DON'T PANIC

2017년 6월 7일 수요일

Ontology Engineering

1. When to Use an Ontology
- Knowledge management
1) control vocabulary
2) making domain assumptions more explicit
3) separate the metadata structure from the data itself
4) change in metadata does not necessarily require change in the data

- Knowledge sharing
1) the clear model of your data enables other machines and people to understand it, and thus and reuse it

- Knowledge integration
1) ontologies can bridge between several data sources

- Knowledge analysis
1) using a rich data model enables more complex analysis to be made on the data

- Type of Ontologies
1) Representation ontologies
* describe low-level primitive representations
e.g. OWL, RDF, RDF Schema (language itself)

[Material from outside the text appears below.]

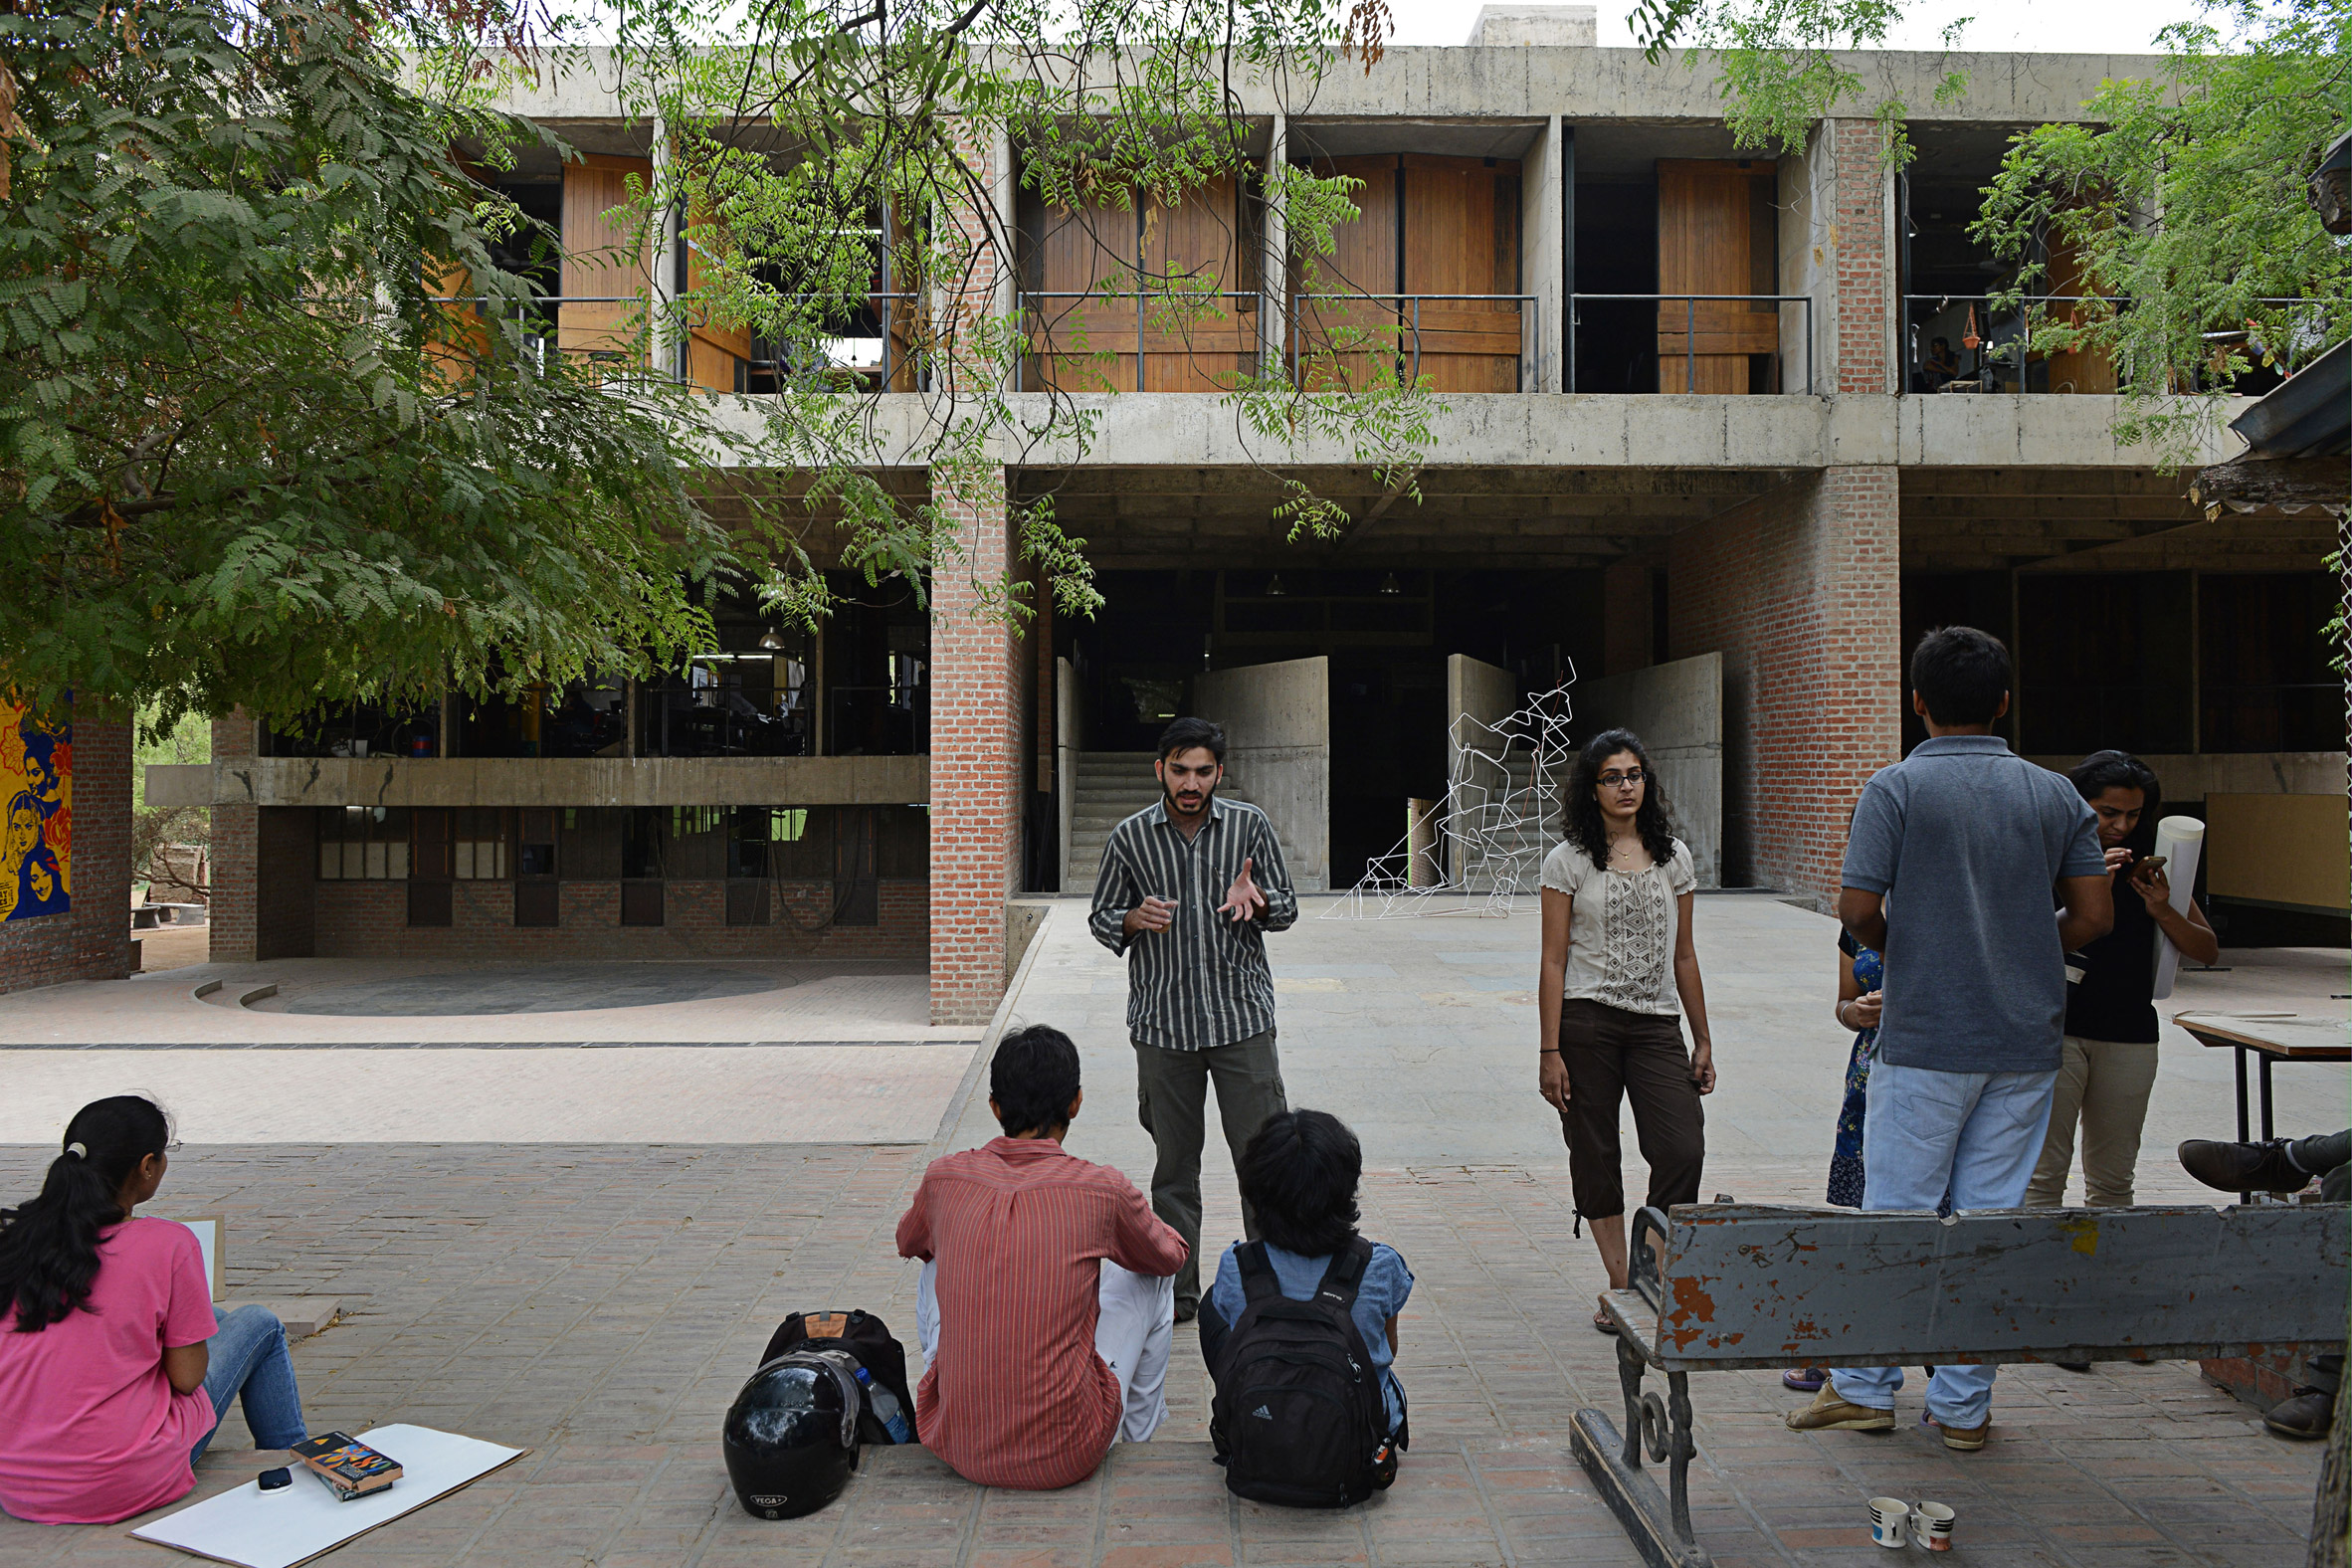 CEPT University designed by Balkrishna Doshi

2) General or upper-level ontologies
* describe high-level, abstract, concepts
e.g. Cyc (Commonsense ontology)

3) Domain ontologies
* describe a particular domain extensively
e.g. GO (Gene Ontology), CIDOC CRM (for cultural heritage)

4) Application ontologies
* mainly designed to answer to the needs of a particular application
e.g. FOAF(Friend Of A Friend)

https://en.wikipedia.org/wiki/Ontology_engineering

http://owl.cs.manchester.ac.uk/about/ontology-engineering/

2. Ontology Building Methodologies
: no standard methodology for ontology construction
- Ontology Development Life-Cycle
1) Specification: specifying the ontology's purpose and scope
* why are you building this ontology?
* what will this ontology be used for?
* what is the domain of interest?
* how much detail do you need?
* Competency Questions: what are some questions you need the ontology to answer?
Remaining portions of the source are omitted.